A bridge made by the evil Belgian colonialists over a half-a-century ago still functions, but the Congolese can’t keep basic roads functional. Here’s the ruins of “what once must have been a grand building… marked with logos from a Belgian University… [that] must have once been some scientific study centre of sorts.”

Everybody talks shit about imperialism and colonialism, but when the Belgians were there the people of the Congo had peace, order, bridges, working roads, a functional bureaucracy, non-corrupt police, and scientific study centres. Are the Congolese better off being ‘free’?

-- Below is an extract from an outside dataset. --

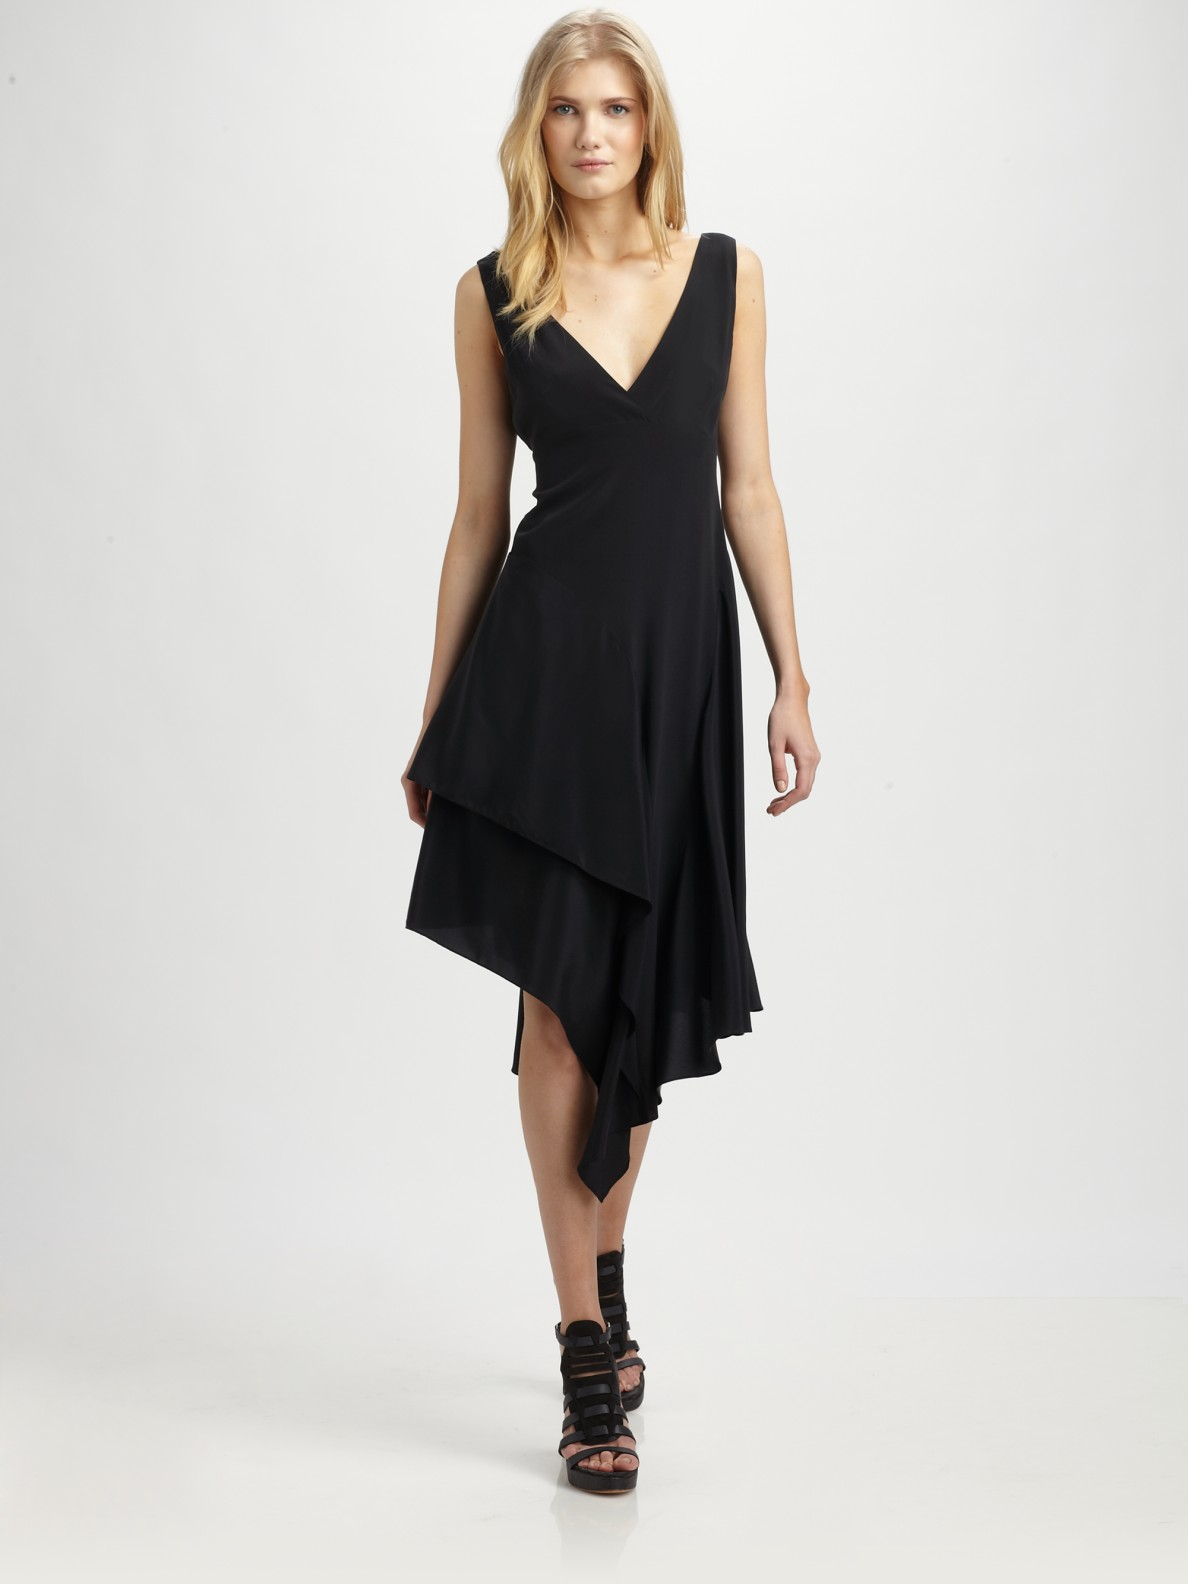 dkny asymmetrical crepe de chine dress in black lyst. Black Bedroom Furniture Sets. Home Design Ideas
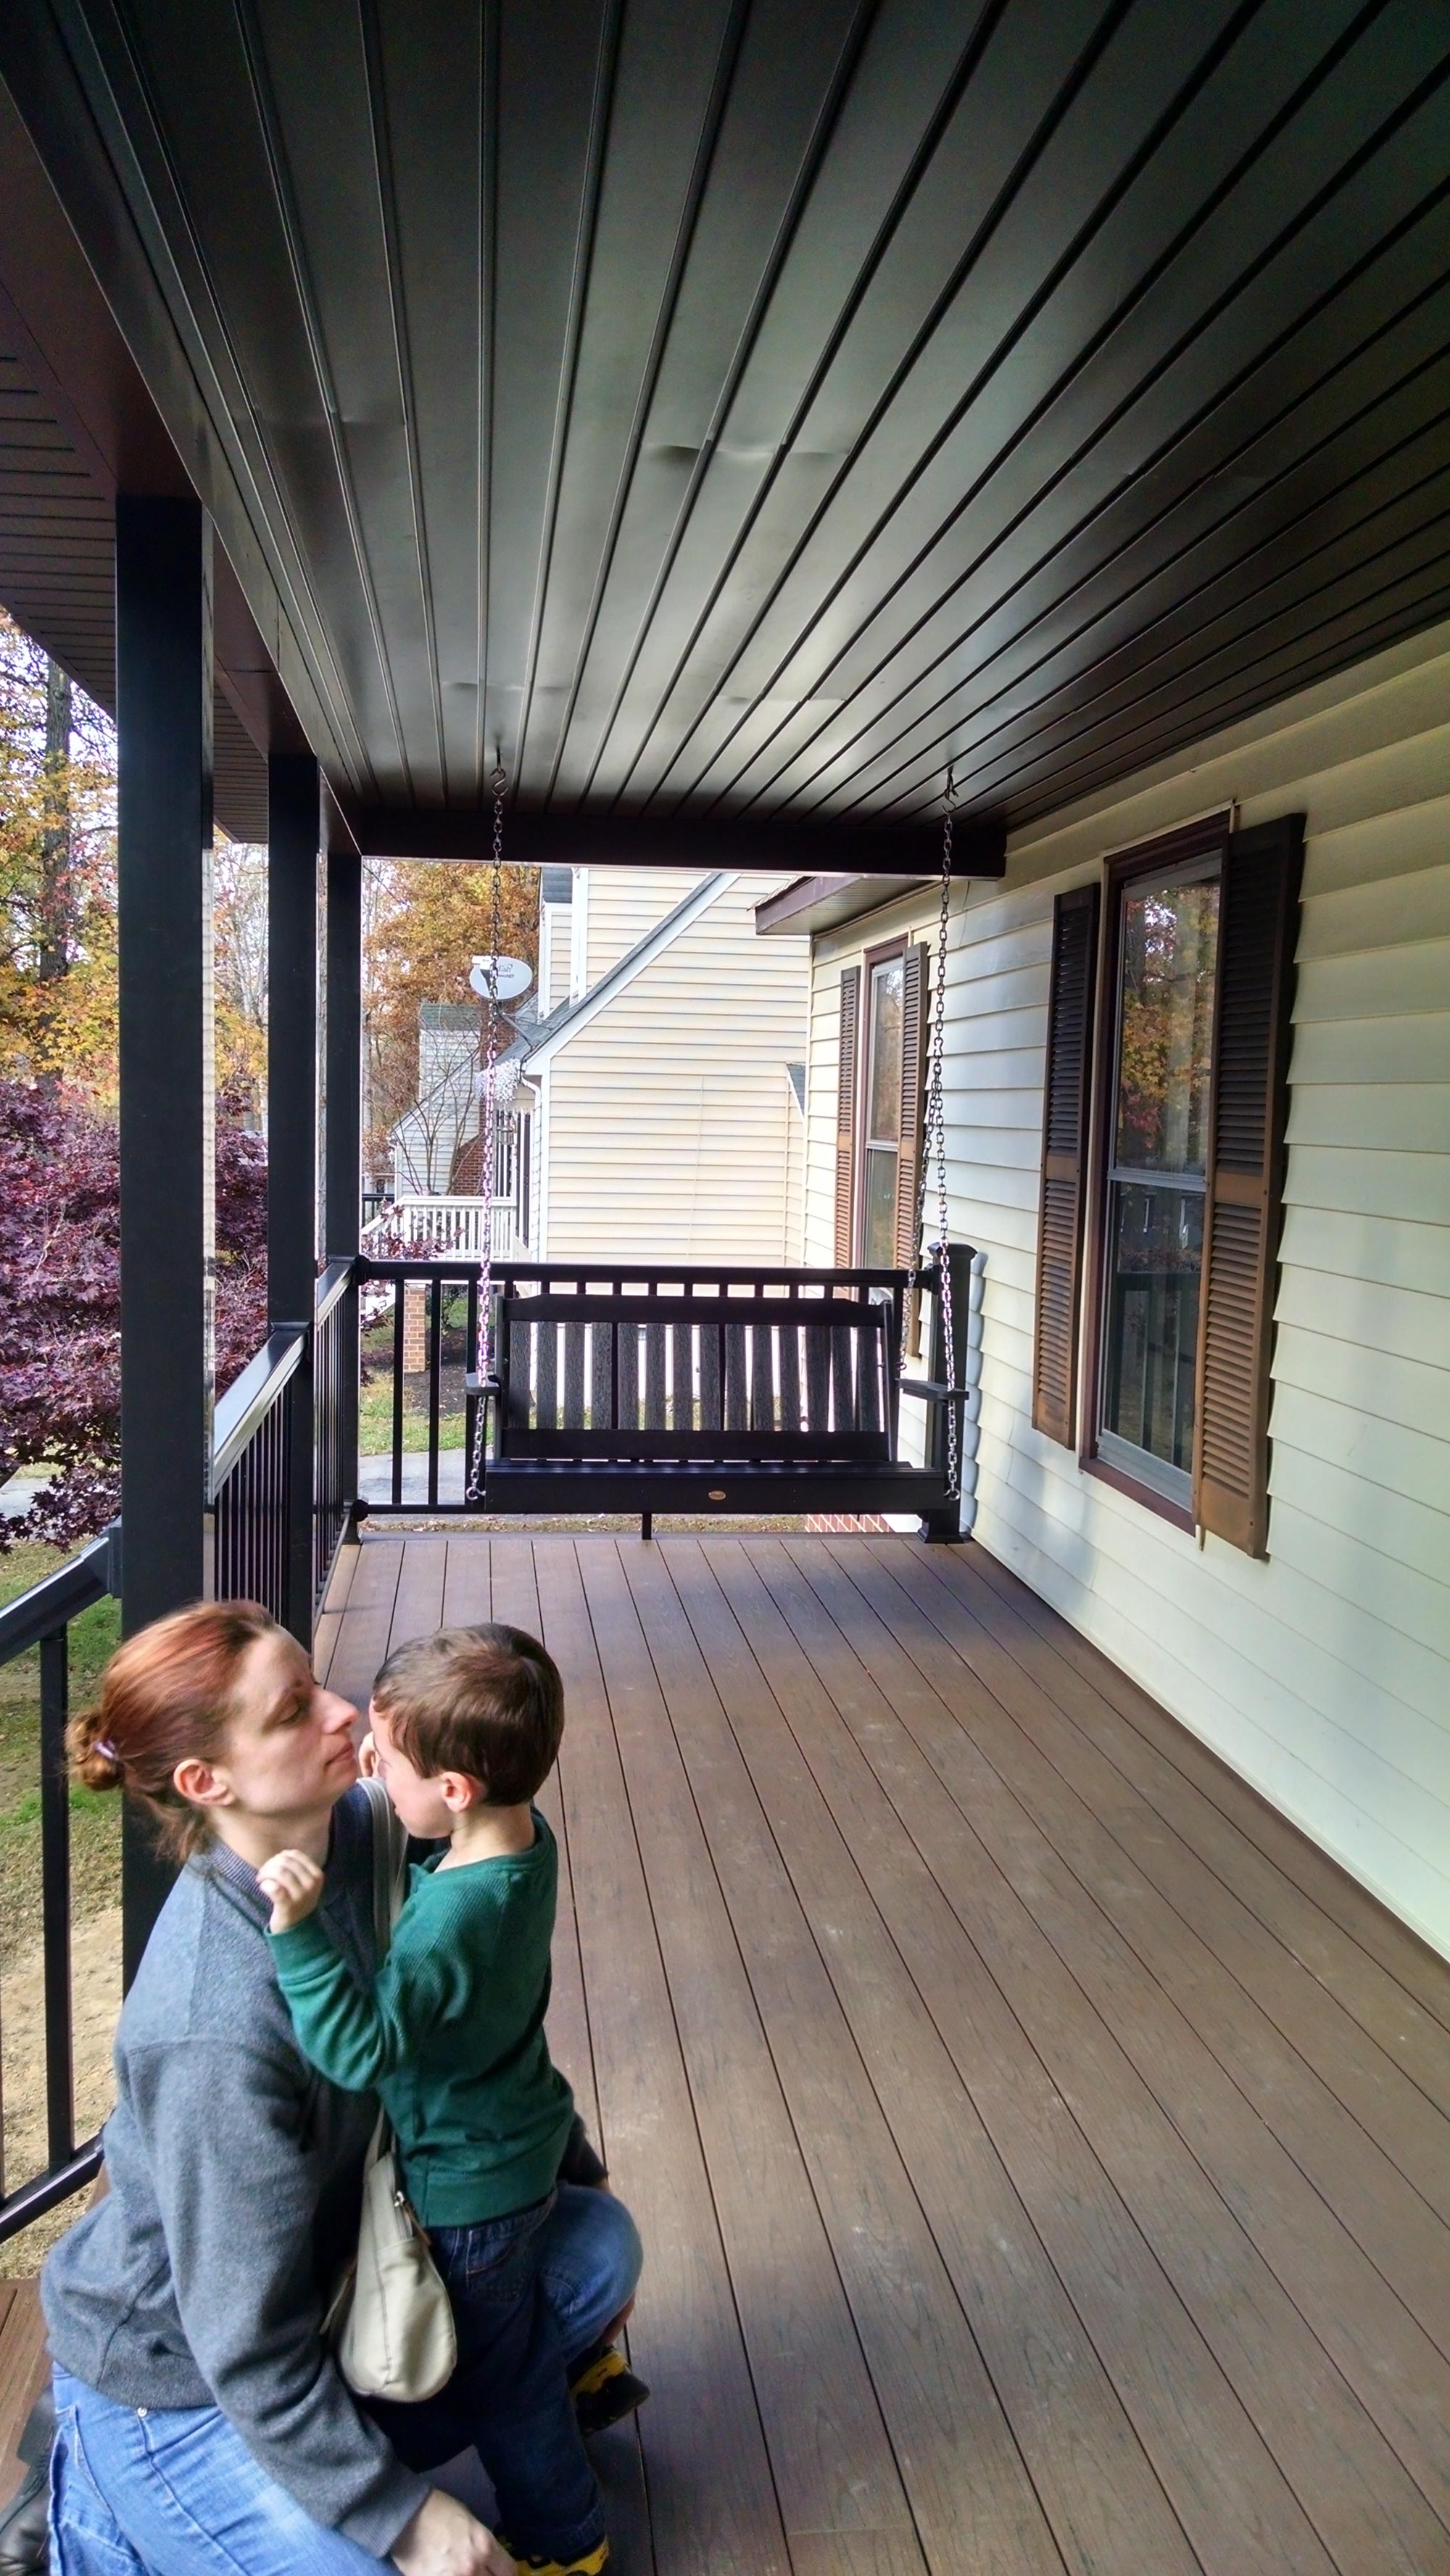 Front Porch Remodel Porch Remodel Front Porch Addition: Front Porch Addition - Chesterfield

Here’s the tourist on the dark Belgian history:

I presume you are referring to the “not so nice” role Belgium has had in the history of Congo. For a while I thought that would be a problem as well, but it isn’t. Just about anything that still exists in Congo is made by the Belgians. The older generation who had their education from the Belgians really have fond memories of that era. And at the moment Belgium is still one of the main funders of the country (via aid). The dark pages of history during the Leopold 2 era is not what the Congolese people think about. All in all I think being Belgian was actually a plus. As a matter of fact, a lot of people asked how things were going with the “war” in Belgium :-o

****

Speaking of functional bureaucracy, mismanagement is not limited to infrastructure. Here’s the tourists on getting a permit to be tourists:

Nobody really know what kind of permit one needs, let alone where to apply for it. But everybody agrees that a permit is required. Officially it has got something to do with the many mining areas to be crossed. We contacted the few people who have attempted travelling trough congo but they too never managed to get hold of the permit. One of these guys did get arrested and deported because he could not provide a permit.
Our Belgian Consulate really tried hard to get this stupid little piece of paper for us, but to no avail. They even managed to get us invited with the governer of Katanga, but he too could not give it to us. After many days of trying we asked the consulate to give us some sort of official looking letter with an official looking stamp. We would chance it without the permit!

****

There are some actual functional paved roads around, made by foreigners:

So, why is there an asphalt road in the middle of Congo? Not connected to the rest of the road system (due to lack of road system).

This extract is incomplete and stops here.